One of the most stable and consistently growing regions amid a world in turmoil, and geographically right in the middle of the hotly contested Indo-Pacific, Asean is fast becoming the center of great power competition. Asean’s development today is heavily tied with the engagements not only with the great powers US and China, but also with regional and distant powers, such as Japan, South Korea, Australia, Russia, India and Europe.

The main concern, however, of the Asean nations is the geopolitical contest between the US and China and the fear of being drawn in potential conflict between the two titans.

Compare the latest trade data of Asean with US against Asean with China:

China-Asean investments have crossed $340 billion across infrastructure, manufacturing, medicine, education, etc.

China-Asean trade was $880 billion (according to the Chinese government), which is almost three times of the US-Asean trade volume.

The Philippines’ position in all this? Vietnam, Malaysia, Thailand and Singapore alone accounted for 75 percent of trade between China and Asean. The two-way trade between the Philippines and China in 2021 was $38 billion compared with the $165 billion China had with Vietnam.

The room for Philippine growth is immense, but Filipinos and the government have to take more initiative to better compete with our neighbors.

Disturbingly, the US engagement with Asean is primarily focused on the military rather than economics.

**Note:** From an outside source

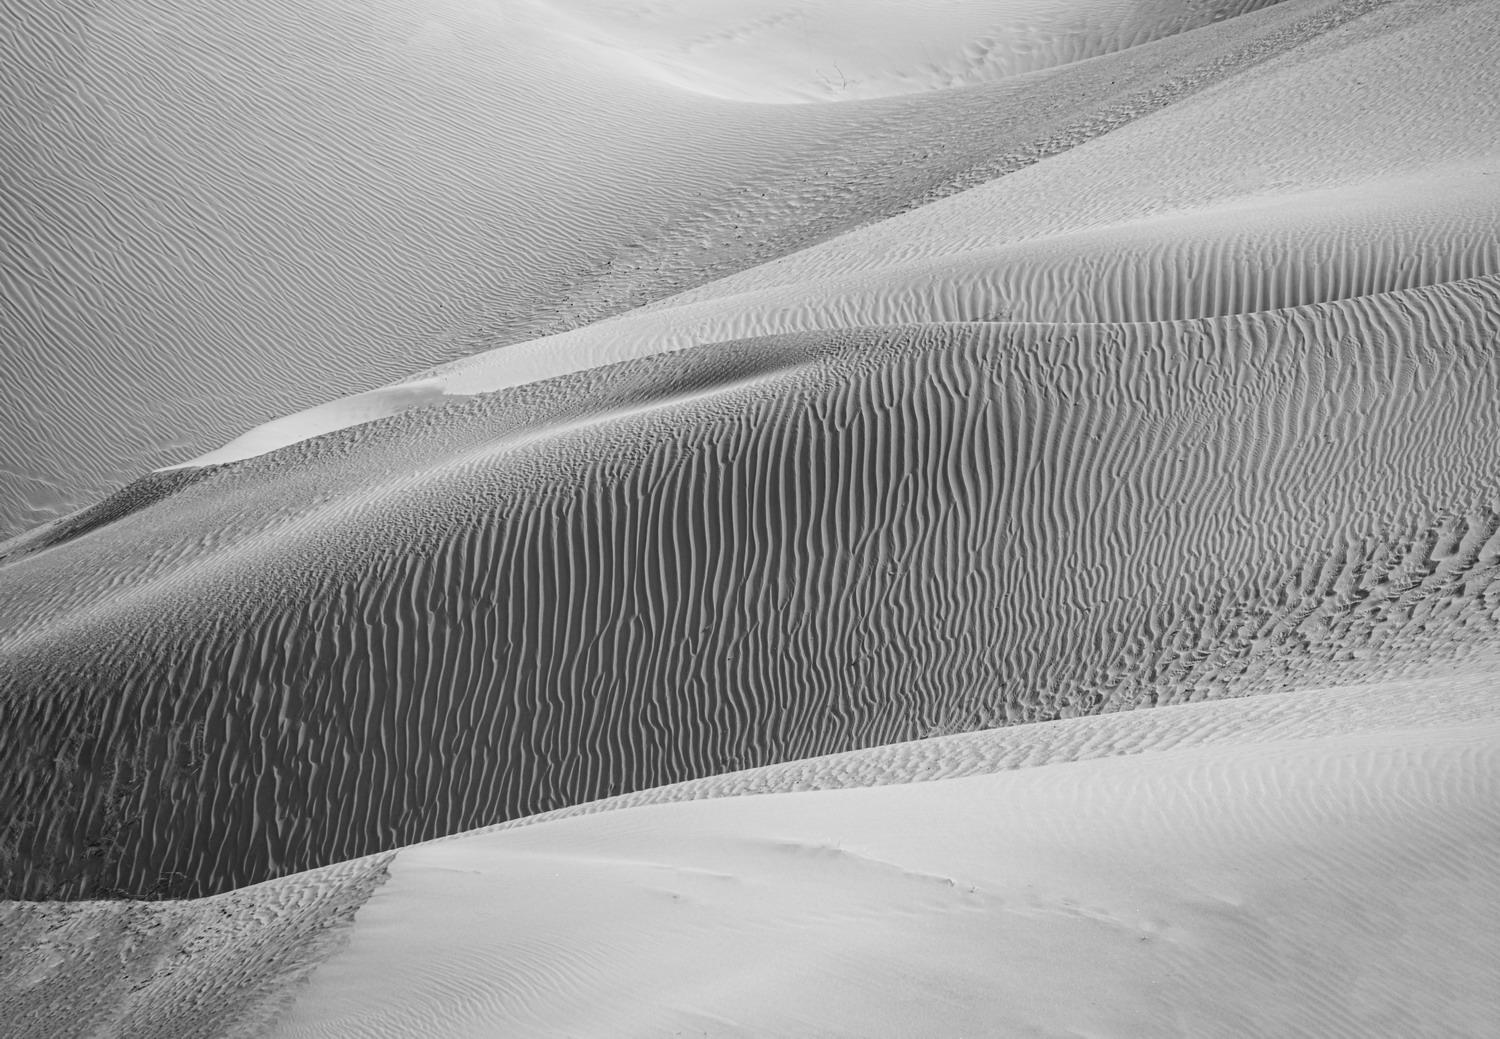 DSC_7694_1A2 - Sand Dunes (Hunder)

While paying lip service to Asean centrality, Washington’s initiatives like the Quad and Aukus actually create new political divisions — the US alliances’ primary goals are to pressure countries to take sides. They lead to dangerous arms races and add nuclear weapons stations that will stoke further tensions and raise the prospects for conflict.

Harris will visit the Philippines and make a side trip in Palawan, a coastal province on the edge of the South China Sea, which will immediately in itself be seen by China as a provocation. She will pitch for the implementation and expansion of EDCA bases.

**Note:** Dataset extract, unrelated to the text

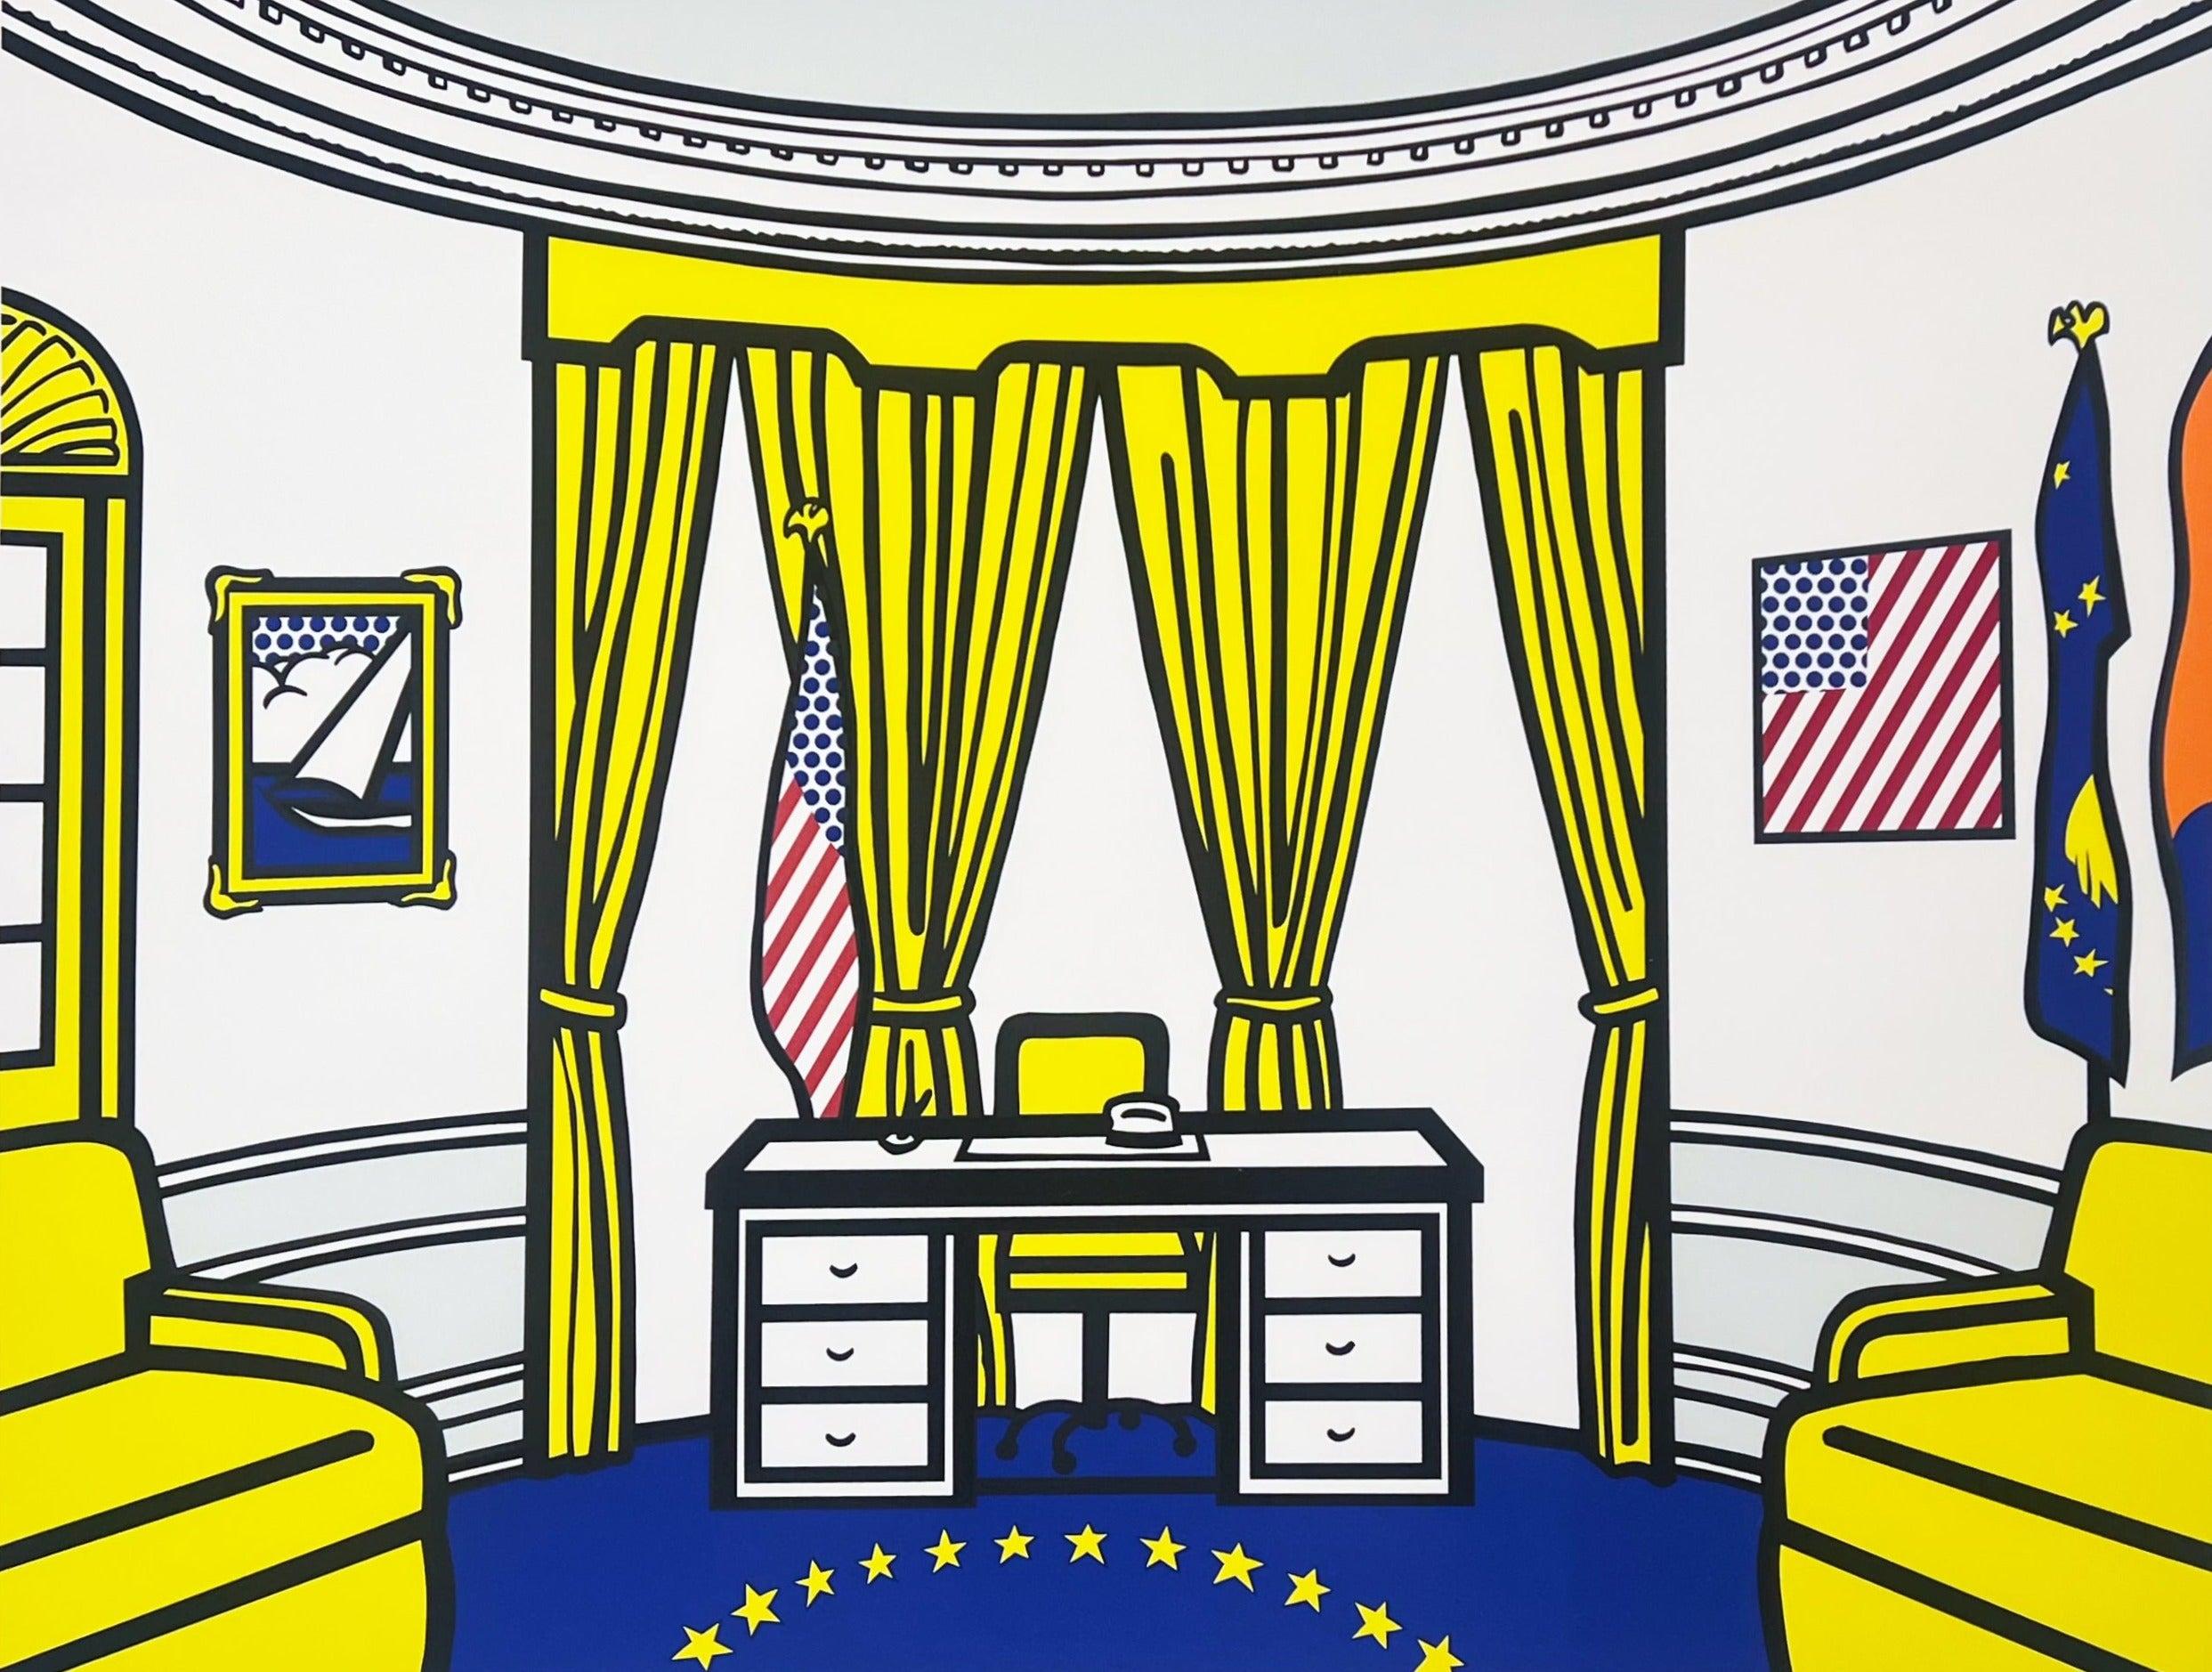 Roy Lichtenstein Interior Print - Oval Office

China’s offers to Asean are more focused on economics and infrastructure from RCEP to the Belt and Road Initiative, investments and tech exchanges, and the Global Development Initiative (GDI). Many of the China-funded or -supported major projects are already improving the lives of people in Indonesia, Laos, Cambodia, Vietnam and the Philippines:

The Jakarta-Bandung high-speed train, the first in Southeast Asia, will cut travel time between the two cities from 3 hours to 45 minutes. This project is expected to run next year as Indonesia hosts the rotating Asean chairmanship.

The Laos-China train turned a landlocked country into a land-linked hub, enabling goods between mainland Southeast Asia to enter China faster and cheaper and vice versa.

Chinese helped Cambodia build its first 190-kilometer expressway that links the capital Phnom Penh to the port of Sihanoukville in the Gulf of Thailand.

In Malaysia, the East Coast Rail Link project, which will connect the east and western coasts of peninsular the country, is China’s biggest project in the region, expected to be completed in 2026.

Last year, Vietnam opened its first metro line in Hanoi, a project delivered by China.

In the Philippines, China donated bridges in Metro Manila, and extended concessional loans for Southern Capital’s newest bridge, and a dam and irrigation project that’s been decades in the planning stage. These are on top of ongoing programs that helped double the digital infrastructure in a few years and trained hundreds of engineers. Three additional railway projects are under renegotiation.

Our officials have to consult true experts who have success records on actual implemented complex projects that require multidimensional, multifactor analysis, including financial, military, economic system, individual, and group behavioral, logistic, historical, evolutionary, among other analysis to help us arrive at the best decisions for the Filipino people. Anything less than that would be taken lightly and demonstrate weak competencies in serving our people’s most basic security and lives for generations.

This is a “decisive decade,” and the Philippines has botched things up before every time. Let’s get our acts together at this most crucial time.